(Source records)
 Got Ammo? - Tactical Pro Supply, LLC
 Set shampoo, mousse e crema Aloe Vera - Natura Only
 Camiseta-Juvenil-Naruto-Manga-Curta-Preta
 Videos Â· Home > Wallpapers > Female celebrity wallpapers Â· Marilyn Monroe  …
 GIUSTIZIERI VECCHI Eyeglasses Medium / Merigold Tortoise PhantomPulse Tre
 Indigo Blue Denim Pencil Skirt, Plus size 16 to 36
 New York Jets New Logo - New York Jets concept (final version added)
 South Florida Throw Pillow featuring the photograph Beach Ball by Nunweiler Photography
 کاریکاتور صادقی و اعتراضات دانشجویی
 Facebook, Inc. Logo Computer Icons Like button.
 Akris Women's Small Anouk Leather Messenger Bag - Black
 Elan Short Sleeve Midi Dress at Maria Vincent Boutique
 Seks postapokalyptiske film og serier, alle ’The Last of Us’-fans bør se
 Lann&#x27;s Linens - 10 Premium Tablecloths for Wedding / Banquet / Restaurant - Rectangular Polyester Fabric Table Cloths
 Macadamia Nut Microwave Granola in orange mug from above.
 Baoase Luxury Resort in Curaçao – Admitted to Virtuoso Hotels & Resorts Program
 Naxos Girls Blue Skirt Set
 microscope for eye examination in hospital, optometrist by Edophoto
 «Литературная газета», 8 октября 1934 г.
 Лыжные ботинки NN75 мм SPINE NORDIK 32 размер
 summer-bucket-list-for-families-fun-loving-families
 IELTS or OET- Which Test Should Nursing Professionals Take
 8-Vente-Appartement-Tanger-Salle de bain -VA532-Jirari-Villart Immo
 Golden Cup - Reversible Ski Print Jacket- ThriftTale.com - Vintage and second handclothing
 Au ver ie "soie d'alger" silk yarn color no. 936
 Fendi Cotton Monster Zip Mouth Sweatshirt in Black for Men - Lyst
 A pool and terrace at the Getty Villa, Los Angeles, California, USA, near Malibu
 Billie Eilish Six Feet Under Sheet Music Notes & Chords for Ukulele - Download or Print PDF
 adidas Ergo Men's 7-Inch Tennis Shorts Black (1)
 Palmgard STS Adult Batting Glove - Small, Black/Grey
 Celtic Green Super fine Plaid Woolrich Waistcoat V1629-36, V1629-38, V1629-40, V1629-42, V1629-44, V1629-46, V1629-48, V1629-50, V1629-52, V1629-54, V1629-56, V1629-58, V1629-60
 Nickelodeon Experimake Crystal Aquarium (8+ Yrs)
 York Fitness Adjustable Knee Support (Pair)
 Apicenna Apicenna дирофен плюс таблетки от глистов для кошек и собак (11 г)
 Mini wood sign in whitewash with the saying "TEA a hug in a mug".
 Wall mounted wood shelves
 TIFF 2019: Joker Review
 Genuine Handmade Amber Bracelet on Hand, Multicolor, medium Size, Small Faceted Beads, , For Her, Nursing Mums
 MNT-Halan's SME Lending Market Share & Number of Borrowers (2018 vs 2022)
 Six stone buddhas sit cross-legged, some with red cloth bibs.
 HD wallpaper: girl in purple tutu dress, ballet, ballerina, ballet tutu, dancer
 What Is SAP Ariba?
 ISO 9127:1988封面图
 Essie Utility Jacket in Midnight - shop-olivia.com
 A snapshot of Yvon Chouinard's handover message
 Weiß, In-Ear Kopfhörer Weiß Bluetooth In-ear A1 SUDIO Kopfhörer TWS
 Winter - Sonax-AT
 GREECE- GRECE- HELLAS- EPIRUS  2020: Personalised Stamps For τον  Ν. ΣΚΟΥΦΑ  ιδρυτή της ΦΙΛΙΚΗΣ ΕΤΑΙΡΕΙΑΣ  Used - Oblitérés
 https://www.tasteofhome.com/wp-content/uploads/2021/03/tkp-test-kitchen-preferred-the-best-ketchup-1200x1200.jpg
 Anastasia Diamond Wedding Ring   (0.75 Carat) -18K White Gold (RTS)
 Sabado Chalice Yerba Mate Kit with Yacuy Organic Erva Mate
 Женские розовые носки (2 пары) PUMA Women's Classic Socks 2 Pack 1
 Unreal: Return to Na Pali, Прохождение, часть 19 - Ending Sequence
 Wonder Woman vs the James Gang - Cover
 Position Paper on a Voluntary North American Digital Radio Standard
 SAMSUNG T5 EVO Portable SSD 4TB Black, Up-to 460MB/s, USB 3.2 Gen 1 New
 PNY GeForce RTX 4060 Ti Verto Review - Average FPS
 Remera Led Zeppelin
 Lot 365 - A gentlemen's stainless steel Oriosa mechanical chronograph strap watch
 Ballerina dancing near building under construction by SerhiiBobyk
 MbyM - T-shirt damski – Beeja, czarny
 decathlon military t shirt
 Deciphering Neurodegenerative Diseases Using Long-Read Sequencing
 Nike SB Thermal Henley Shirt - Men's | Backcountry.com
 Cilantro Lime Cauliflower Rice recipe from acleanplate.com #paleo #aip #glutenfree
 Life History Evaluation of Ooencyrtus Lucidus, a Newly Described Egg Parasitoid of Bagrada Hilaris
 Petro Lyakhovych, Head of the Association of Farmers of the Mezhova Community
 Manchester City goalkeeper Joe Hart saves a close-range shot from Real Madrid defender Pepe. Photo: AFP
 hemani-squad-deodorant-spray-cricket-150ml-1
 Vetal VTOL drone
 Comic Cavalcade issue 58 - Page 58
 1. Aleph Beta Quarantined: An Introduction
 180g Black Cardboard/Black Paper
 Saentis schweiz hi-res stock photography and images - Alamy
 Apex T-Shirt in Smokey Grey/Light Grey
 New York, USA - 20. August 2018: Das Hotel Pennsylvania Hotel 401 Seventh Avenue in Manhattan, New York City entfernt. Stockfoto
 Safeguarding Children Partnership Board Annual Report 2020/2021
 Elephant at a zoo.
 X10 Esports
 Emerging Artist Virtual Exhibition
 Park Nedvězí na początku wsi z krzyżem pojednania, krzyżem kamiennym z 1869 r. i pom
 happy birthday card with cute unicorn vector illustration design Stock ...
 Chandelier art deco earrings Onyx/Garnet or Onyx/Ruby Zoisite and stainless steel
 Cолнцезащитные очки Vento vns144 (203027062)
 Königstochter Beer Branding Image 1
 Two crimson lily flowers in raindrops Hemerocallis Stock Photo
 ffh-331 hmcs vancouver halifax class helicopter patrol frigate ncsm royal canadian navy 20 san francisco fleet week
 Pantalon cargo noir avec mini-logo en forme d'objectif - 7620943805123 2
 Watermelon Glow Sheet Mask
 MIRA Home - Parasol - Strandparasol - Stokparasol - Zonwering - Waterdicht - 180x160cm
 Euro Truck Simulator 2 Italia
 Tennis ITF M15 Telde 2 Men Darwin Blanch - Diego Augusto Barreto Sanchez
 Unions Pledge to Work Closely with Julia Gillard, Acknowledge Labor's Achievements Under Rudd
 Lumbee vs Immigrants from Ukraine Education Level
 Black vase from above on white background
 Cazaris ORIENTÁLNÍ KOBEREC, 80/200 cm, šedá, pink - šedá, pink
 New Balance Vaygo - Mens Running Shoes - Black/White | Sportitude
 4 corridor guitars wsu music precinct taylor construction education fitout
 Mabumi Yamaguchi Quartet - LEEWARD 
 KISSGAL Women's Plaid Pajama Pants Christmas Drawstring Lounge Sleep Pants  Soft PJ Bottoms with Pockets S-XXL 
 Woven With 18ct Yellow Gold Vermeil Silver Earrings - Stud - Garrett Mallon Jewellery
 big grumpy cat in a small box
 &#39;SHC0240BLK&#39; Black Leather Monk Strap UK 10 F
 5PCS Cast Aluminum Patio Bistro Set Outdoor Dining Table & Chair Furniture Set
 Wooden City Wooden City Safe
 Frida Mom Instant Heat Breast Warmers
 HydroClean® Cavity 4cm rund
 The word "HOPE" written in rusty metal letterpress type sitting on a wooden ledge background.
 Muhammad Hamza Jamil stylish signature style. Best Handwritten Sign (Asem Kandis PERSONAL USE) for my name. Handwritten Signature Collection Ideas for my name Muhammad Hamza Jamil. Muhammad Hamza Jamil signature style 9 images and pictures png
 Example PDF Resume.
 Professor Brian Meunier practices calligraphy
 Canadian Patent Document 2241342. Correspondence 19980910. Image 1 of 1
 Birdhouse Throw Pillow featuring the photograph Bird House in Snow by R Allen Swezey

Task item ::
Starting with the line above that holds "Palmgard STS Adult" and stopping with the line that holds "York Fitness Adjustable Knee Support (Pair)", reproduce each line exactly, omitting all other lines.

Exercise answer ::
 Palmgard STS Adult Batting Glove - Small, Black/Grey
 Celtic Green Super fine Plaid Woolrich Waistcoat V1629-36, V1629-38, V1629-40, V1629-42, V1629-44, V1629-46, V1629-48, V1629-50, V1629-52, V1629-54, V1629-56, V1629-58, V1629-60
 Nickelodeon Experimake Crystal Aquarium (8+ Yrs)
 York Fitness Adjustable Knee Support (Pair)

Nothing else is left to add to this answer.